Articolo tradotto dal giornale anarchico mensile “Meydan” del gruppo turco DAF – Devrimci Anarşist Faaliyet (Azione Anarchica Rivoluzionaria)

10 giugno 2013

Non è che l’inizio, continuiamo la lotta!

Questa è una rivolta

I progetti di trasformazione urbana stanno da molto tempo minacciando gli spazi vitali degli abitanti di Istanbul. Prima le demolizioni dei quartieri poveri, poi 63 milioni di metri quadrati di foresta da devastare per il terzo ponte, un centro commerciale dopo l’altro, hotel di lusso, e mentre continua il progetto di pedonalizzazione è giunto il momento di Gezi Park. Gli abitanti di Istanbul continuano a resistere a tutti questi progetti che minacciano la loro vita. Fino a quando gli escavatori sono venuti a Gezi Park e hanno sradicato gli alberi. “Un pugno di contestatori marginali” ha rivendicato gli alberi e la loro ombra ed ha detto “Non sradicate gli alberi, non costruite centri commerciali a Gezi Park”. Questa protesta era condotta come un’azione “pacifica ed ecologica”. La polizia ha condotto un’operazione di sgombero alle prime luci del mattino ed ha asfissiato la zona del parco con i gas. Lo Stato deve avere “molto” da guadagnare dal momento che sta cercando di abbattere questa protesta pacifica nel modo più duro possibile. La violenza della polizia è salita negli ultimi mesi e i manifestanti l’hanno subita in modo inaspettato. Deputati dei partiti di opposizione e artisti sono venuti a Gezi Park per contestare questo e per sostenere i manifestanti, ma hanno avuto pure loro quota di terrore di Stato.

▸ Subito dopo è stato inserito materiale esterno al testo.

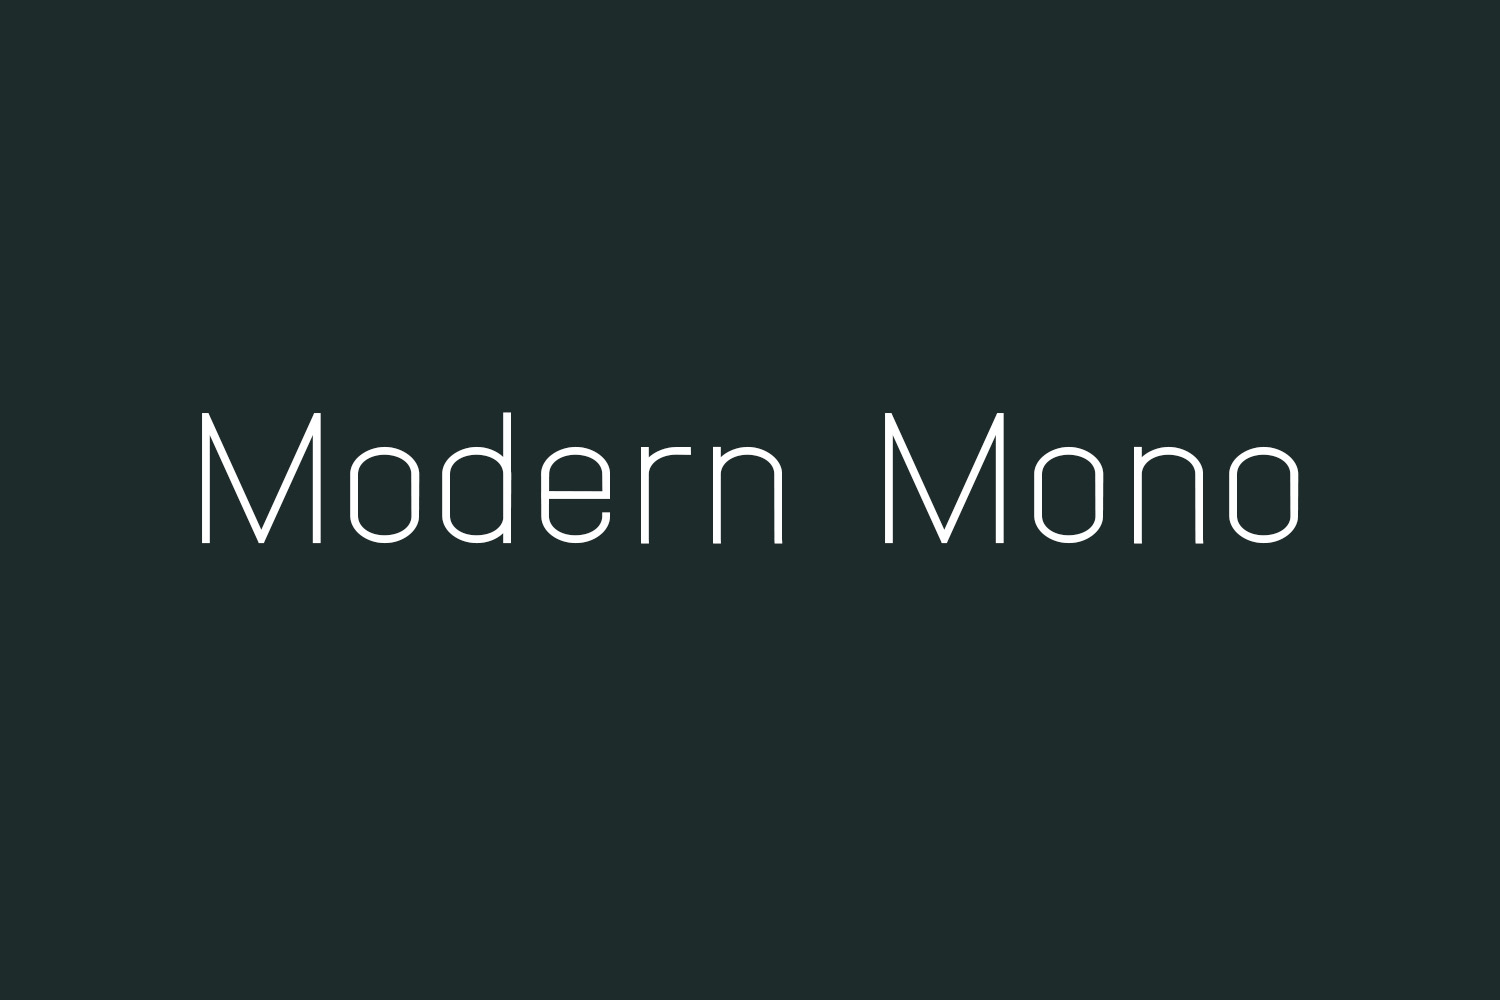 Modern Mono Free Font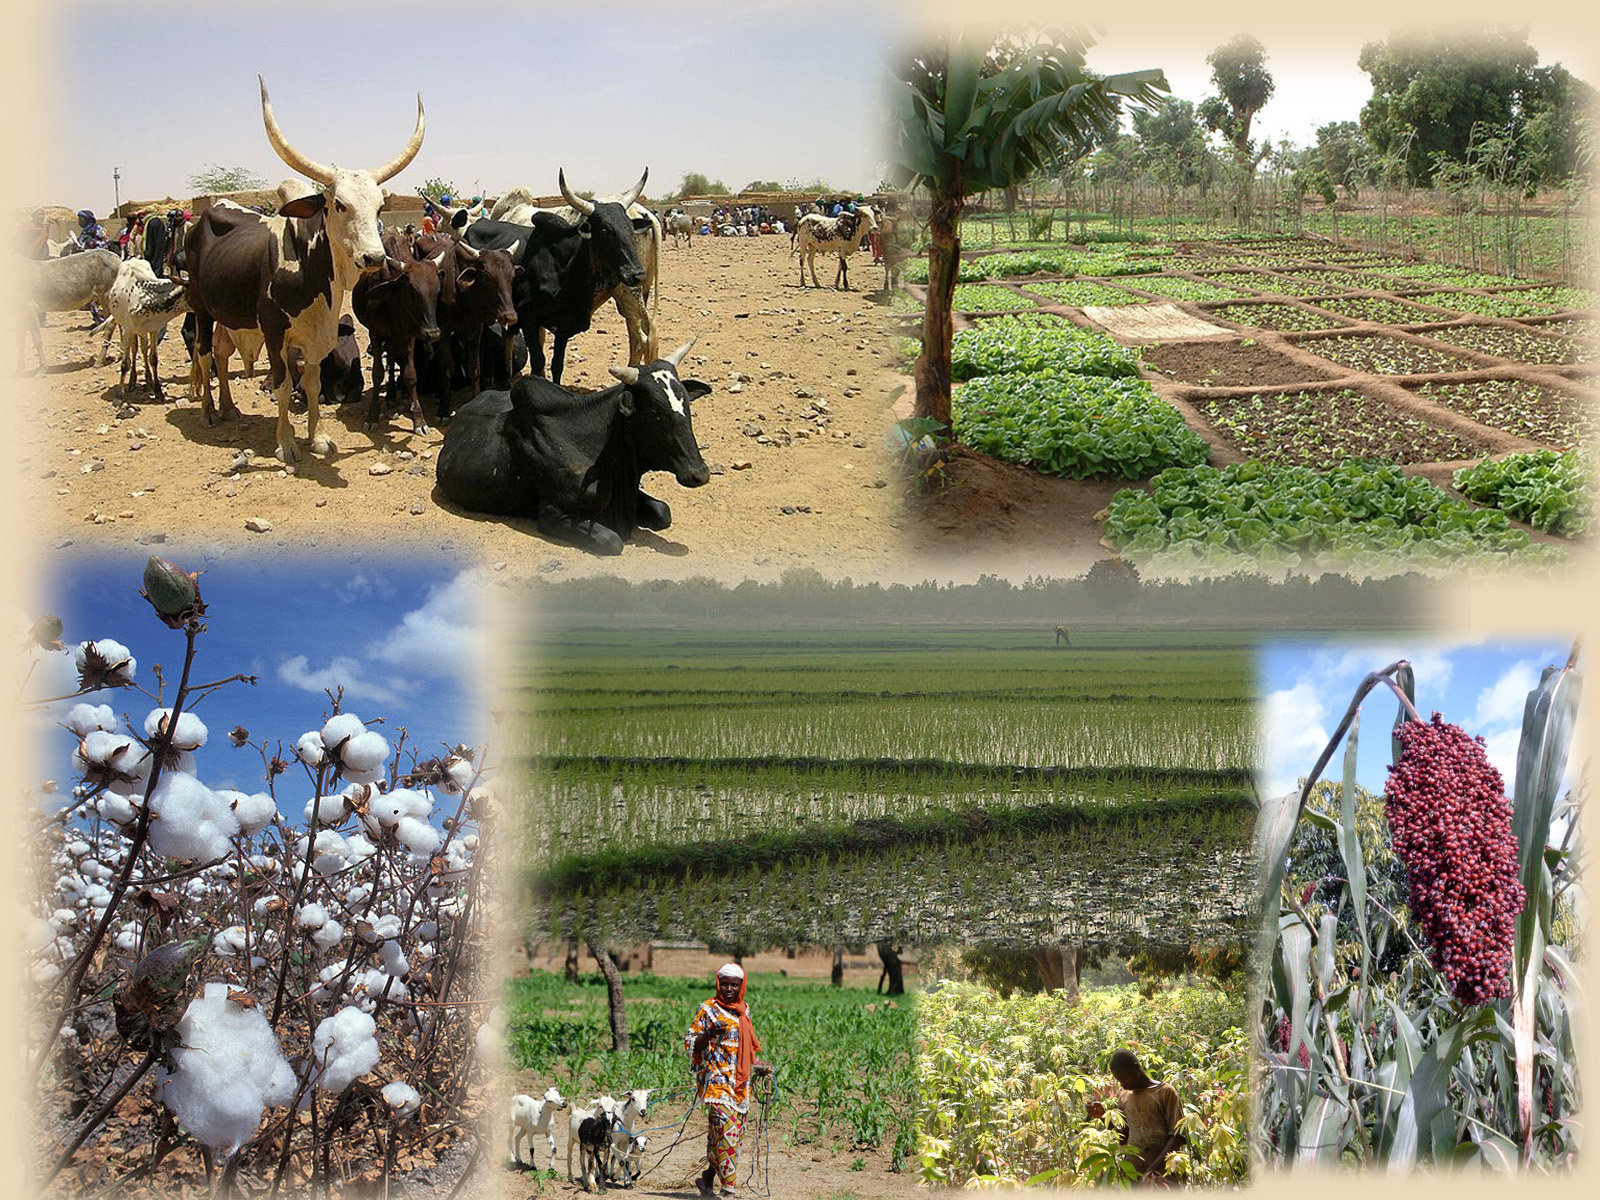 Les secteurs ouest africains du coton, du maïs et de l’élevage.

Nel primo giorno di demolizione lo Stato non ha potuto ottenere ciò che voleva a causa di questa situazione. I manifestanti sono restati in Gezi Park durante la notte. Non si sa se si aspettassero un attacco per la mattina seguente, ma tutti i manifestanti sono stati cacciati dal parco con l’irruzione della polizia la mattina. La polizia ha bruciato le tende, le coperte e tutte le cose dei manifestanti. I video dei manifestanti sottoposti al continuo lancio delle bombe lacrimogene e arrestati con violenza dalla polizia, hanno suscitato rabbia in chiunque li abbia visti.
Ovviamente questa non è la rabbia per una singola manifestazione. La rabbia è stata accumulata. Accumulata dalla crescente violenza della polizia.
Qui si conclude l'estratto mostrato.